Hace unos días, como decíamos, se “quebró” la mesa de diálogo entre el Gobierno y los estudiantes. Una marcha no autorizada en la Alameda trajo de vuelta el recuerdo de las protestas que meses atrás dieron paso a los primeros cacerolazos. Todo parece indicar que el mes de octubre traerá nuevas manifestaciones, nuevos bríos. Ya son cerca de cinco meses de actividad, el movimiento es acechado por la sombra irrenunciable del “desgaste”, una de las palabras más mencionadas por estos días. Se ha dicho que, hoy por hoy, con la amplia aceptación social que han tenido los estudiantes, no es prioridad -como lo fue antes- el contar con grandes cantidades de gente marchando en las calles. Esto en parte predispone al movimiento -en lo discursivo- a la negociación mientras que busca salvar eso que nadie quiere decir. Y es que resulta inevitable que después de tantos meses la afluencia a las concentraciones baje, que los estudiantes vean cómo dejan de asistir a las tomas algunos compañeros que se mostraron entusiasmados en un comienzo. Los medios ya dejaron de lado los reportajes alusivos a las “nuevas formas de protestar”; el tema ahora en la periodistología es el saqueo y el desorden de los “desalmados” que “empañan” todo acto público. La atención está también en la recién quebrada mesa (¿por qué se dice “quebrar”?) y sigue estando en el proyecto de ley que busca aumentar las sanciones a quienes ocupen establecimientos públicos y privados.              

De la política tradicional les han venido seduciendo desde que los parlamentarios de la Concertación vieron en ellos la posibilidad de revivir el negocio que les duró veinte años.
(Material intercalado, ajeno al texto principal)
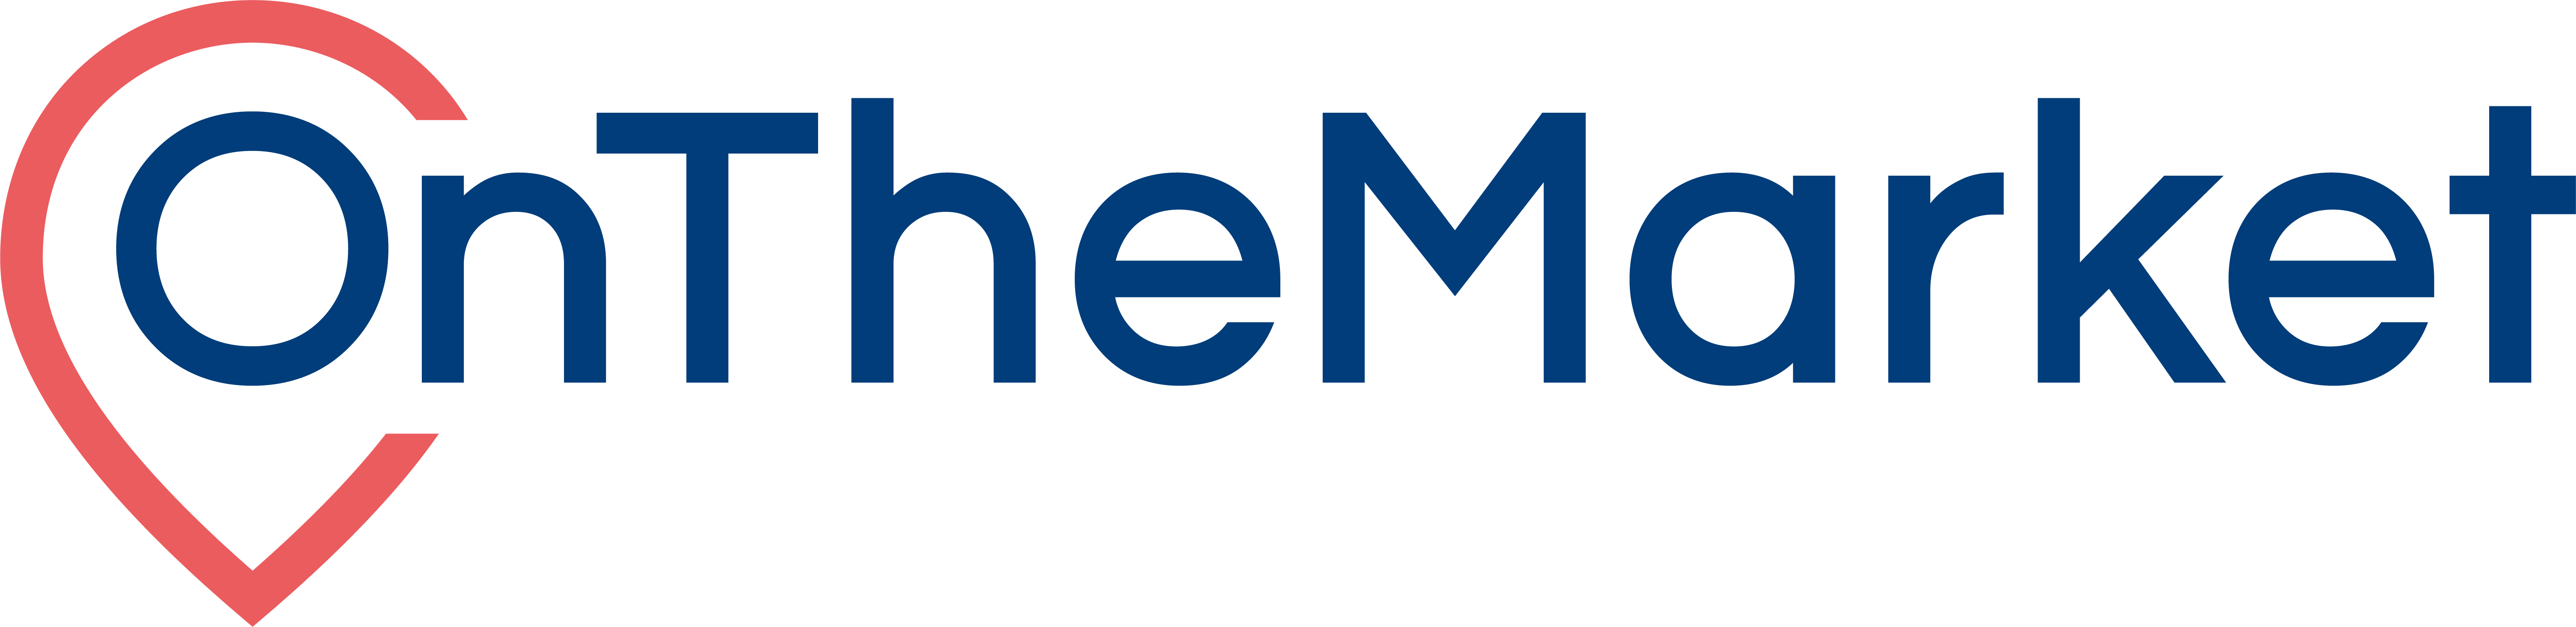 msn logo 
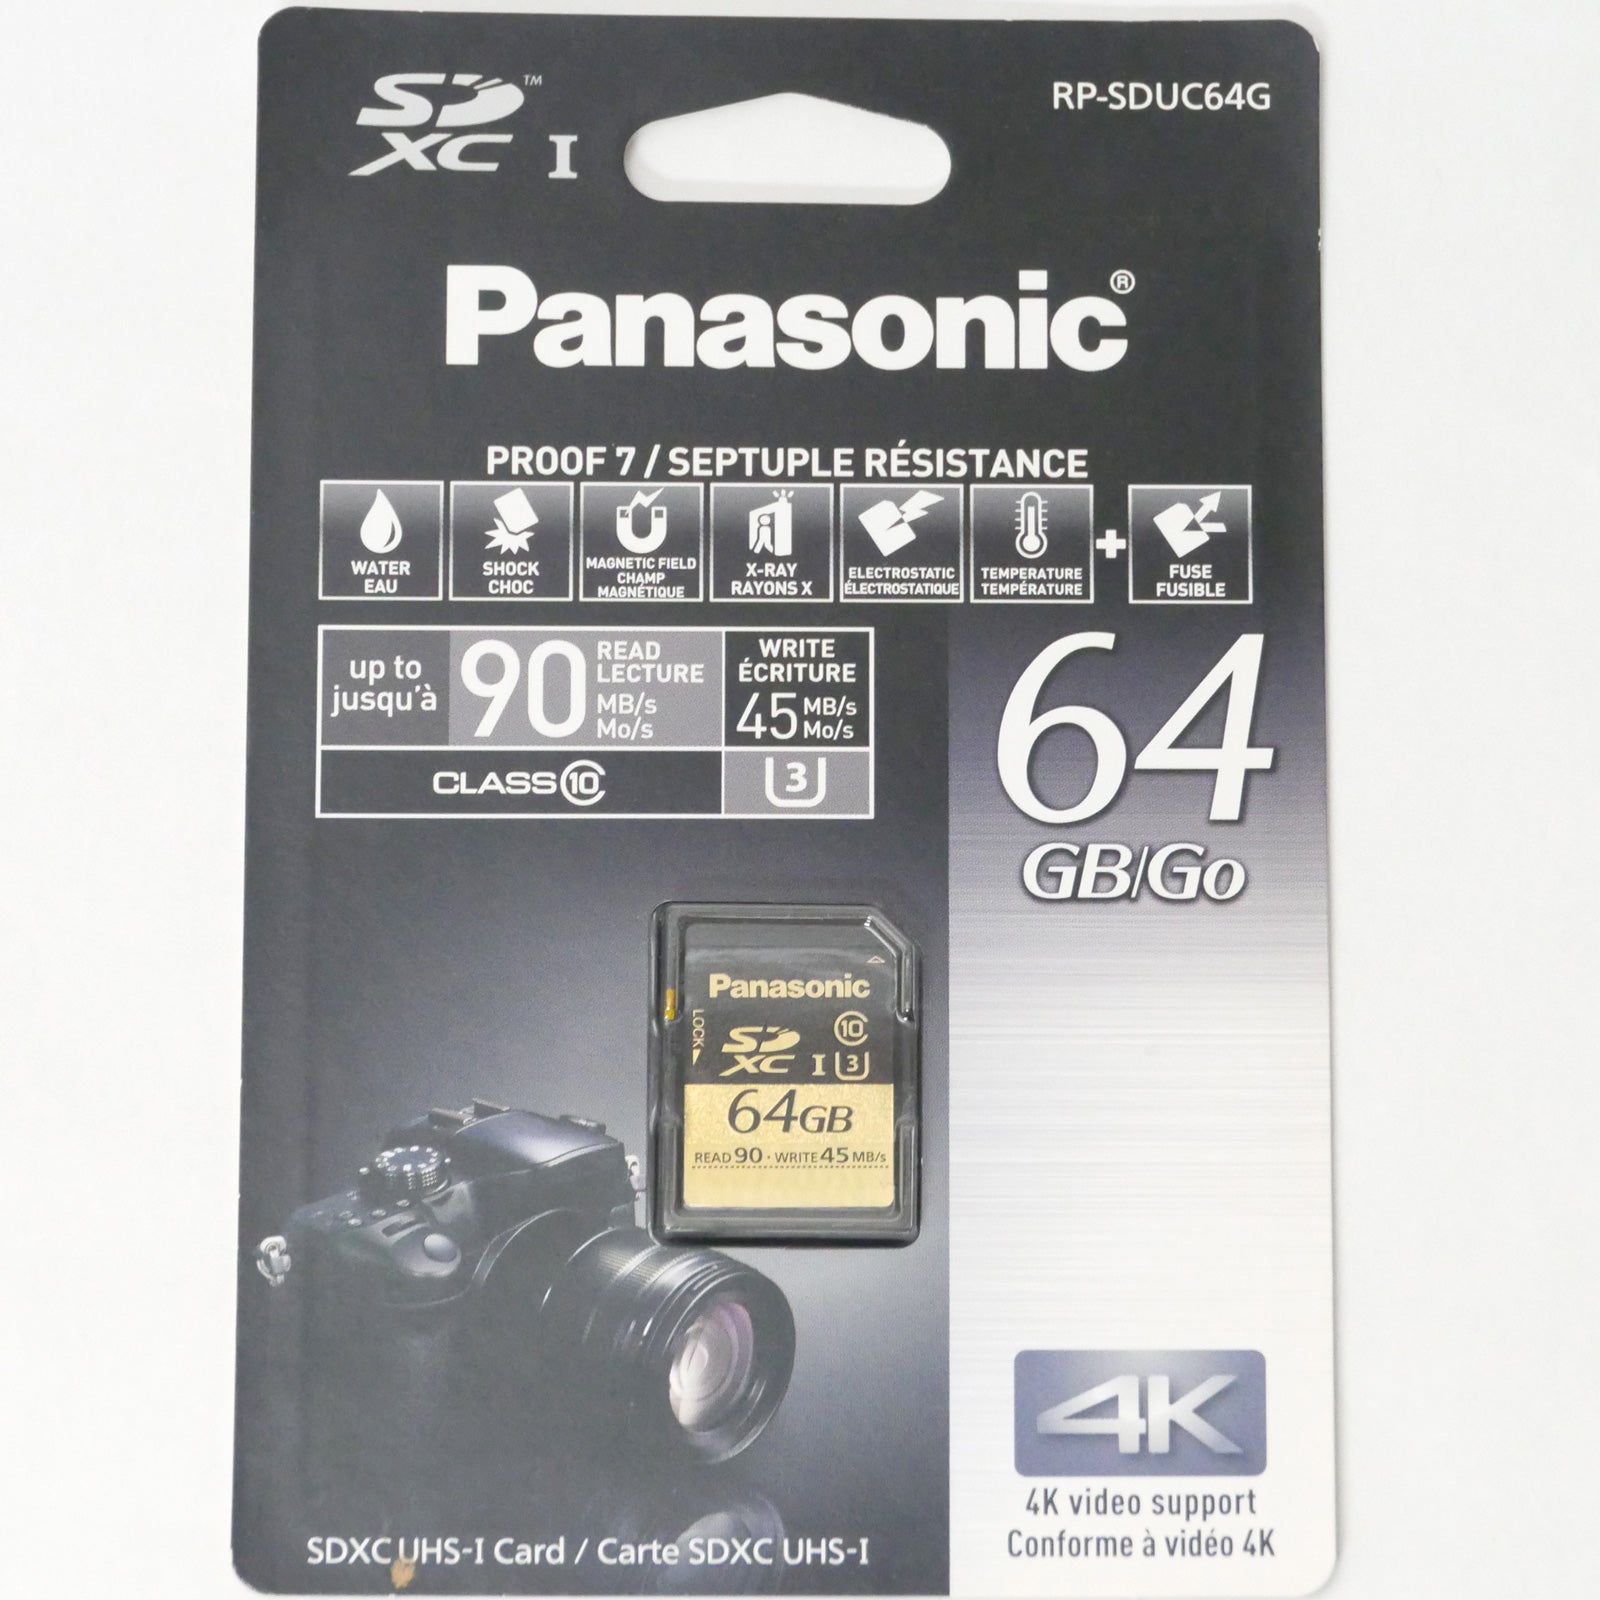 Panasonic(パナソニック) 64GB SDXC メモリーカード RP-SDU64GAK(海外パッケージ) 未開封品

Aparecieron algunos intentos de inscripción masiva que consiguieron convencer a un puñado de jóvenes. Algo aumentaron las inscripciones, poco. Unos extraviados parlamentarios colgaron una bandera gigante en el Congreso: apoyar la movilización, después de todo, sigue estando in.

“¿De qué te sirve sacar a Piñera si vay a poner a un hueón de la concerta? Esos hueones veranean juntos. Son de la misma clase política”, nos dicen en el Liceo Experimental Artístico de Quinta Normal. La gran mayoría de estudiantes, tanto secundarios como universitarios comparten el rechazo a la clase política. Aunque con matices, se encuentran más o menos dispuestos a interactuar, antes por consideraciones tácticas que por confianza. Aún así, el tema, en un contexto de cinco meses de movilización, es más tenso que nunca, y al lado de él está la realidad de cada colegio, donde la contraparte no son Piñera ni Bulnes, sino que son los directores, sostenedores, los Alcaldes y las Corporaciones Municipales. Viene el fin de año y hay que mostrar algún avance dentro de las demandas de cada colegio.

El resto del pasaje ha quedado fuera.